Пока восходители, превозмогая слабость в теле и в голове, преодолевали стертые миллионами подошв ступени, Ремарк под водительством капитана ГБ прибыл в вертеп классиков прошлого.
 
Офицеру-билетеру Розе еще предстояло досконально осмотреть (прошерстить, прошмонать) «царскую» ложу, запереть и опечатать входы в нее, но ей так захотелось поприсутствовать на богемной вечеринке, что она просто застыла в дверях. На Ремарка с закуской писатели даже не обратили внимания.
 
Споры о разнице между моралью авторов и героев их произведений были в разгаре.
– Вот Пушкин – пример честного и доброго малого, как и его Онегин, – говорил Жюль Верн. – Он может и нотацию прочитать, и на дуэли пострелять. У него с моралью все в порядке.

А взять советских моралистов, вроде Юрия Марковича. Жену свою, поэтэссу, за легкое поведение прогнал. Зато герой его романа, будучи женат на дочери директора автозавода, только и думал, как бы совратить свою золотоволосую тещу. Известно ведь, что автор отображает в произведении или свои тайные желания, или следы пережитого. Это ли не пример двойной морали?

– А что тогда говорить о Некрасове! – воскликнул Чехов. – Вот классика психиатрии: полное раздвоение личности.

Тут заговорили несколько человек сразу, как на шоу центральных каналов телевидения.
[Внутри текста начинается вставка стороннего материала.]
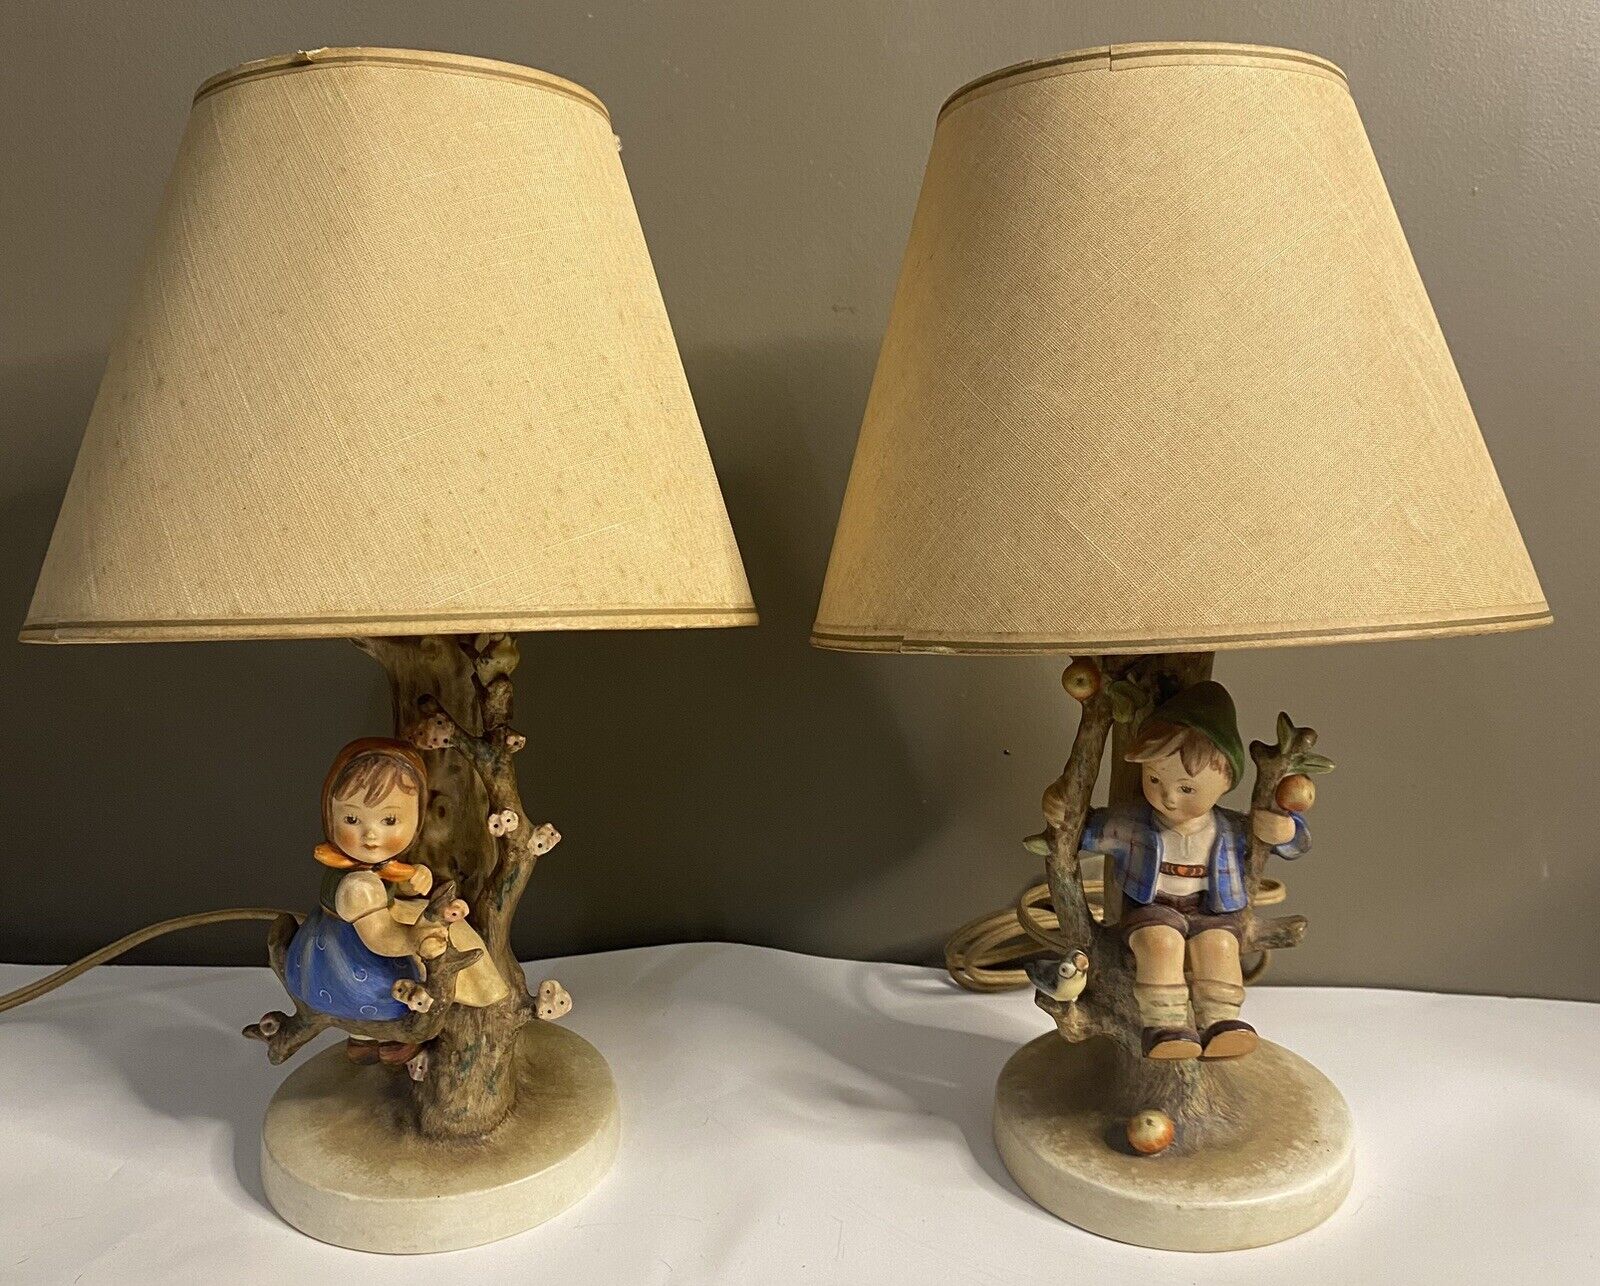 Vtg Pair of Hummel Figurine Apple Tree Boy + Girl Hummel Lamps ORIGINAL SHADES

Остановить гвалт смог только бас Горького.

– Господа хорошие, будет вам голосить! – произнес он, упирая на О. – Эту тему теоретики от литературы уже вынесли за биографические скобки. Давно постановлено:  как бы ни был порочен автор в жизни, его гениальные творения покрывают любые моральные издержки. Если начнем называть имена…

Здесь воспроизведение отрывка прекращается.